● **What is expected**:
Once the records below have been read, copy them all out exactly.

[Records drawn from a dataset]
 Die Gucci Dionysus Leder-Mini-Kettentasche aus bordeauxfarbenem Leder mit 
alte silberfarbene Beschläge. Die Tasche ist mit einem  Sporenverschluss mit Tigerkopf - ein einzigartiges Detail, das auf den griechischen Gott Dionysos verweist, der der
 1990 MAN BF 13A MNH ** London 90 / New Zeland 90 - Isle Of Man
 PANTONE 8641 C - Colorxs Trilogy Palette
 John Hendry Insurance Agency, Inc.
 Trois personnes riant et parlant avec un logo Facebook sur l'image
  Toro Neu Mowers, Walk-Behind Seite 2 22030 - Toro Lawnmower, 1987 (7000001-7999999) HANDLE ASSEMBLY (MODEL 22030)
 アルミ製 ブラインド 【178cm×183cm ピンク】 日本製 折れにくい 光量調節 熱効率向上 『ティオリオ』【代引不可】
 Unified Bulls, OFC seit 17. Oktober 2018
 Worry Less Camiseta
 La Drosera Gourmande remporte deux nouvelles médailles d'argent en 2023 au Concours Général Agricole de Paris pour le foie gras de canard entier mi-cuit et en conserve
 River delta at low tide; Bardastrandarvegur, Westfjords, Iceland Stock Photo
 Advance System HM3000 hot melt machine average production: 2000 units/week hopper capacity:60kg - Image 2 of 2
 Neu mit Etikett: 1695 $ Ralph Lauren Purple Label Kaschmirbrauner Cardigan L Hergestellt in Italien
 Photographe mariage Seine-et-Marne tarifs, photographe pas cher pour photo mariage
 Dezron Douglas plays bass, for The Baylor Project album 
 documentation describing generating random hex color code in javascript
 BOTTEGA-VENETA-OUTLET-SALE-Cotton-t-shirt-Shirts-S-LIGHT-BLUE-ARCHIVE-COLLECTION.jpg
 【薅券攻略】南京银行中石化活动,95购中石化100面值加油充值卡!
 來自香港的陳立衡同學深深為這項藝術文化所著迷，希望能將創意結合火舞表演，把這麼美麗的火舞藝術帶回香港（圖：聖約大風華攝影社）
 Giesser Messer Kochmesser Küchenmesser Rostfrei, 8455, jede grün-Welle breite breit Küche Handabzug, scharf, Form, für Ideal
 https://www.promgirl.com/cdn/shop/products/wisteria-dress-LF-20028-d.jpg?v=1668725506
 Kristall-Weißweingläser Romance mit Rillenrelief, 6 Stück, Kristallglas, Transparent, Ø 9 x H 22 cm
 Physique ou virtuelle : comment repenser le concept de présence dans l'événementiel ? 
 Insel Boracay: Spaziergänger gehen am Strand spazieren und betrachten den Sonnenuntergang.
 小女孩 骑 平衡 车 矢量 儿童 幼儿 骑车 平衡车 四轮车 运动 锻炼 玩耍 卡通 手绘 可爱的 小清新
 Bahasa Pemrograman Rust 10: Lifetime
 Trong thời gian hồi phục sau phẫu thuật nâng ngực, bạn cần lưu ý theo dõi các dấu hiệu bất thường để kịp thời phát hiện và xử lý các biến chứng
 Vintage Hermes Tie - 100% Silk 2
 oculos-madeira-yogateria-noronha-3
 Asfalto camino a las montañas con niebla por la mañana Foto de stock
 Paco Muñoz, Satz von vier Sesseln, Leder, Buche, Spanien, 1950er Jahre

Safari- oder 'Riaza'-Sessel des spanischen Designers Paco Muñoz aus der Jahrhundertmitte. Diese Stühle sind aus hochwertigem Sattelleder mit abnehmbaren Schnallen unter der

● **Written solution**:
 Die Gucci Dionysus Leder-Mini-Kettentasche aus bordeauxfarbenem Leder mit 
alte silberfarbene Beschläge. Die Tasche ist mit einem  Sporenverschluss mit Tigerkopf - ein einzigartiges Detail, das auf den griechischen Gott Dionysos verweist, der der
 1990 MAN BF 13A MNH ** London 90 / New Zeland 90 - Isle Of Man
 PANTONE 8641 C - Colorxs Trilogy Palette
 John Hendry Insurance Agency, Inc.
 Trois personnes riant et parlant avec un logo Facebook sur l'image
  Toro Neu Mowers, Walk-Behind Seite 2 22030 - Toro Lawnmower, 1987 (7000001-7999999) HANDLE ASSEMBLY (MODEL 22030)
 アルミ製 ブラインド 【178cm×183cm ピンク】 日本製 折れにくい 光量調節 熱効率向上 『ティオリオ』【代引不可】
 Unified Bulls, OFC seit 17. Oktober 2018
 Worry Less Camiseta
 La Drosera Gourmande remporte deux nouvelles médailles d'argent en 2023 au Concours Général Agricole de Paris pour le foie gras de canard entier mi-cuit et en conserve
 River delta at low tide; Bardastrandarvegur, Westfjords, Iceland Stock Photo
 Advance System HM3000 hot melt machine average production: 2000 units/week hopper capacity:60kg - Image 2 of 2
 Neu mit Etikett: 1695 $ Ralph Lauren Purple Label Kaschmirbrauner Cardigan L Hergestellt in Italien
 Photographe mariage Seine-et-Marne tarifs, photographe pas cher pour photo mariage
 Dezron Douglas plays bass, for The Baylor Project album 
 documentation describing generating random hex color code in javascript
 BOTTEGA-VENETA-OUTLET-SALE-Cotton-t-shirt-Shirts-S-LIGHT-BLUE-ARCHIVE-COLLECTION.jpg
 【薅券攻略】南京银行中石化活动,95购中石化100面值加油充值卡!
 來自香港的陳立衡同學深深為這項藝術文化所著迷，希望能將創意結合火舞表演，把這麼美麗的火舞藝術帶回香港（圖：聖約大風華攝影社）
 Giesser Messer Kochmesser Küchenmesser Rostfrei, 8455, jede grün-Welle breite breit Küche Handabzug, scharf, Form, für Ideal
 https://www.promgirl.com/cdn/shop/products/wisteria-dress-LF-20028-d.jpg?v=1668725506
 Kristall-Weißweingläser Romance mit Rillenrelief, 6 Stück, Kristallglas, Transparent, Ø 9 x H 22 cm
 Physique ou virtuelle : comment repenser le concept de présence dans l'événementiel ? 
 Insel Boracay: Spaziergänger gehen am Strand spazieren und betrachten den Sonnenuntergang.
 小女孩 骑 平衡 车 矢量 儿童 幼儿 骑车 平衡车 四轮车 运动 锻炼 玩耍 卡通 手绘 可爱的 小清新
 Bahasa Pemrograman Rust 10: Lifetime
 Trong thời gian hồi phục sau phẫu thuật nâng ngực, bạn cần lưu ý theo dõi các dấu hiệu bất thường để kịp thời phát hiện và xử lý các biến chứng
 Vintage Hermes Tie - 100% Silk 2
 oculos-madeira-yogateria-noronha-3
 Asfalto camino a las montañas con niebla por la mañana Foto de stock
 Paco Muñoz, Satz von vier Sesseln, Leder, Buche, Spanien, 1950er Jahre

Safari- oder 'Riaza'-Sessel des spanischen Designers Paco Muñoz aus der Jahrhundertmitte. Diese Stühle sind aus hochwertigem Sattelleder mit abnehmbaren Schnallen unter der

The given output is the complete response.